Friday, July 3, 2009

Review of Jawani Diwani—A youthful joyride

This is a blog I had published elsewhere, and not that I am particularly proud of it, but since it was anyway going to get deleted, so thought why not publish it here:

Review of Jawani DiwaniA youthful joyride



Rating: %#@&


“What’s with the rating?”—You ask. Nothing really. The movie just doesn’t deserve any stars. Of course, you know what those printed characters mean. Right? Actually, the movie could have won an Oscar had it played Shahrukh in it. No, the movie isn’t that good. It’s just that its entertainment-value compares with Paheli’s.



The promos of the movie were really misguiding. And, it’s not the ‘ennahtainment vahl-yu’ that I’m talking of. Our serial kisser-boy, Emraan Hashmi (Mann Kapoor in the movie) was quite restrained with just three kisses in the entire movie (yes, you read it right; no printing error this is), with one being the replay of the other.
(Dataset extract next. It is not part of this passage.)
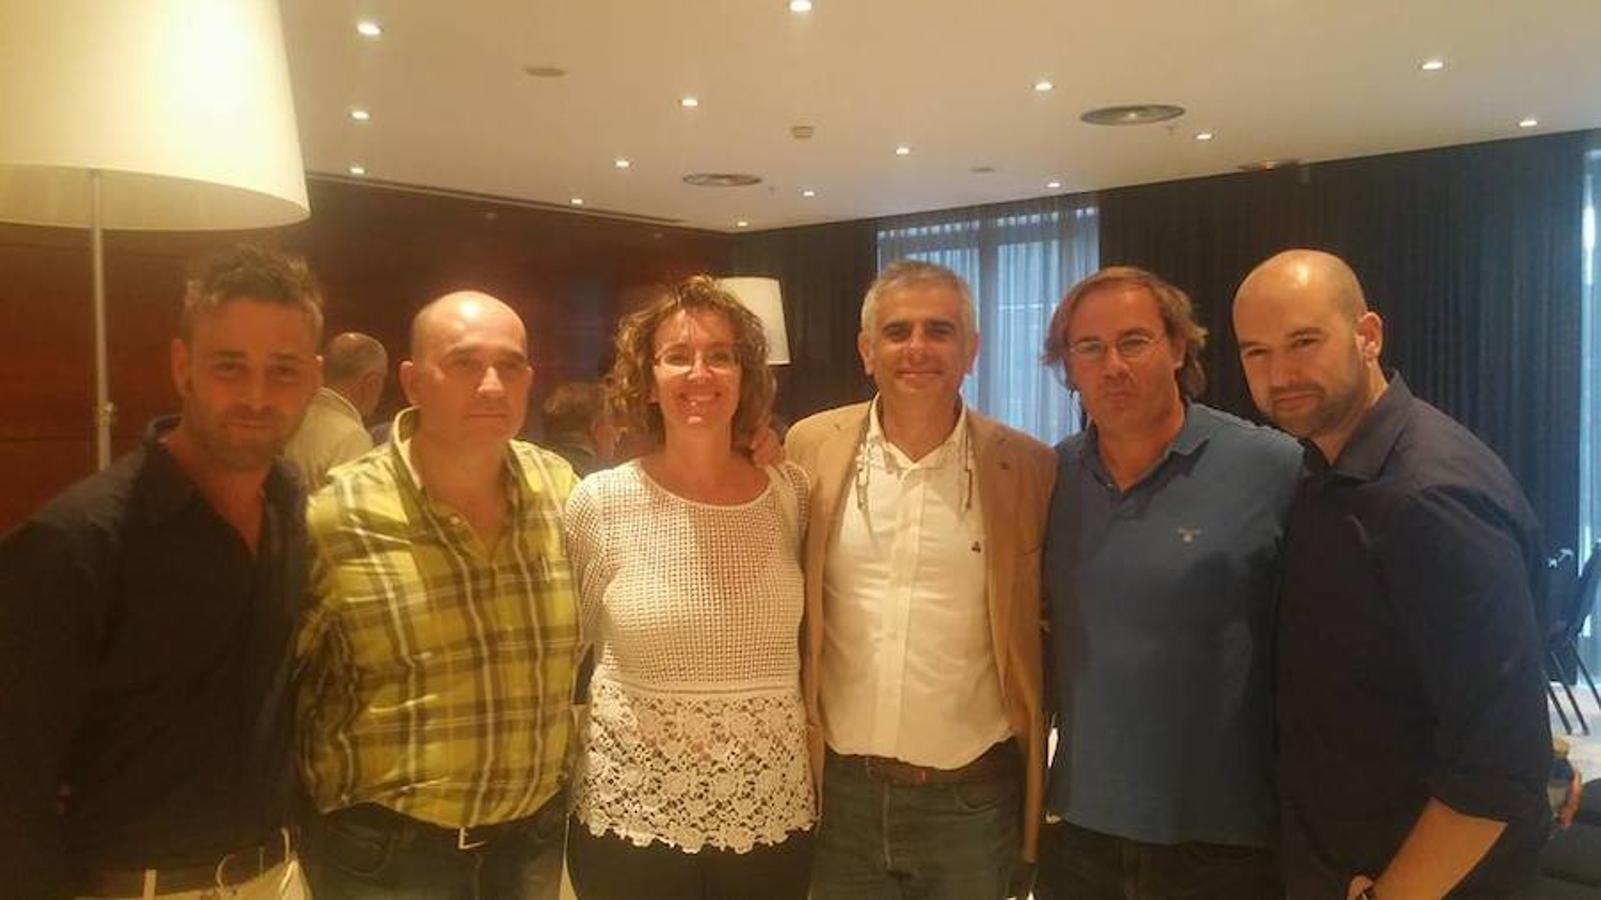 Landeira comparte fotografía con Carlos Carrizosa, coordinador de los comités autonómicos de Ciudadanos

He’s our average lecherous Indian male with seriously above-average luck. As a struggling singer he saves the life of Radha (Hrishitaa Bhatt) who happens to be the only (and surprisingly lonely) daughter of ‘cassette-king’--Umesh Jumani (played by Tiku Talsania). The instant chemistry that follows is to be seen and not believed, for unlike in this movie, the life of an average-Indian-lecherous-male is not guided by a bad script. By the way, Mann promises to marry her after taking a short trip to Goa.



What follows is a shoddy (excuse the euphemism) mix of lame digs at the likes of Anu Malik (sorry, don't know the in vogue numerologically correct spelling), & of jokes (excuse the exaggeration of calling them that—jokes) that are vulgar & miserably predictable, which makes you cry for the wasted money and time (dear ‘time is money’-types, if you’ve read this this far, you’ve already wasted quite a bit). But, don’t worry there’s something to laugh—the meant-to-be-emotional scenes.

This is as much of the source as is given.